A large study investigating whether low-cost devices can help people stick to their medication regimens found scant evidence that any of the devices were associated with improved adherence. The study did not focus on people with HIV, but its findings raise questions about scalable methods to improve antiretroviral adherence nevertheless.

Publishing their findings in JAMA Internal Medicine, researchers in the REMIND study conducted a four-arm, block-randomized clinical trial of 53,480 enrollees of the national pharmacy benefit manager CVS Caremark who had commercial insurance. The participants were 18 to 64 years old and taking one to three oral medications for long-term use and were all suboptimally adherent to those drugs, taking an estimated 30 to 80 percent of prescribed doses during the 12 months prior to entering the study.

The participants were divided into groups based on the types of medications they were using when they entered the study: either medications for chronic diseases (e.g., cardiovascular disease) or antidepressants. The participants were further divided into subgroups based on whether they were prescribed to take one pill per day or more than one pill per day.

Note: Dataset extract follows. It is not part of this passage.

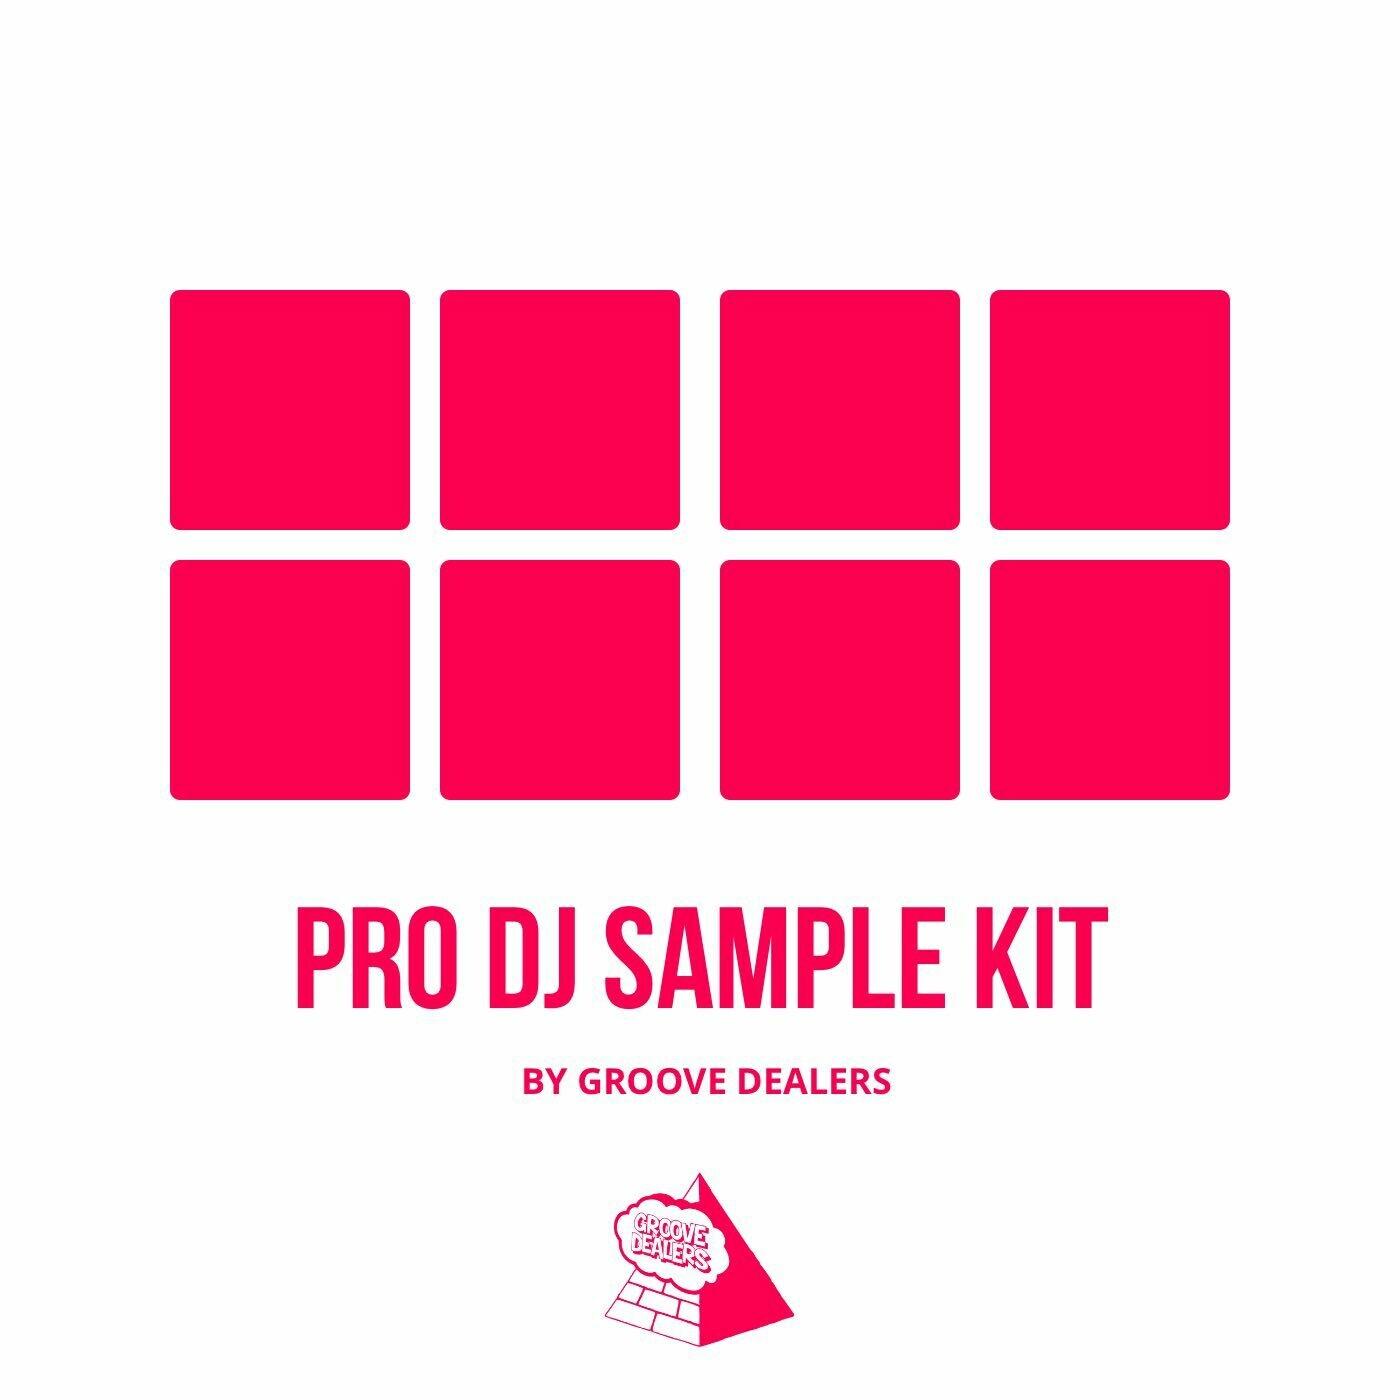 PRO DJ SAMPLE KIT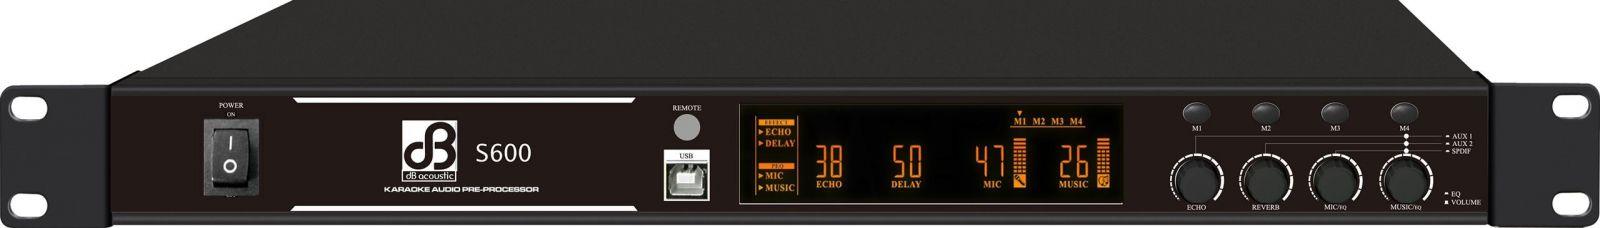 Vang số dB acoustic S600

Members of the respective subgroups were then randomized to receive one of three interventions or to be in the control group. They received in the mail one of the following: 1) a pill bottle with an affixed strip with toggles that could be slid after taking each dose; 2) a pill bottle cap with a digital timer displaying the time elapsed since the last dose was taken; 3) a standard plastic pillbox with one compartment for each day of the week; or 4) no device (the control group).

Of the 37,532 people in the chronic disease group, 6,242 were in the control group, and a respective 12,482, 12,478 and 6,330 were in the groups receiving the day-of-the-week pillbox, digital-timer pillbox cap, and pill bottle with strip and toggles. Of the 15,948 people in the antidepressant group, a respective 2,638, 5,273, 5,271 and 2,766 were randomized into the four intervention groups.

The study was conducted between February 2013 and March 2015. The average age of the participants was 45. Fifty-six percent were women.

The researchers found no association between the intervention the participants received and the proportion of them with optimal medication adherence (at least 80 percent of doses taken, based on pharmacy refill data).

Directly comparing individual interventions with other interventions, the researchers found that those who received the standard day-by-day pillbox tended to have higher adherence than those who received either of the other two interventions. However, this benefit was small and inconsistently statistically significant, meaning in many cases the apparent benefit could have been driven by chance.

Looking at the study’s limitations, the researchers speculated that low or inconsistent use of the medication-reminder devices might have reduced their overall benefit. Additionally, because the mailing of the devices was not coordinated with medication refill times, study participants may have found it awkward to coordinate beginning to use the devices with the pills they had available at that moment.

The researchers found that adherence rates improved in the subgroups randomized to the control group, with 12 to 18 percent of them becoming optimally adherent without any intervention during the study. Such a natural shift in adherence patterns raises the question of whether the study authors would have done better to recruit people who were not necessarily poorly adherent to their medications at the study’s outset but who were predicted to adhere poorly in the near future.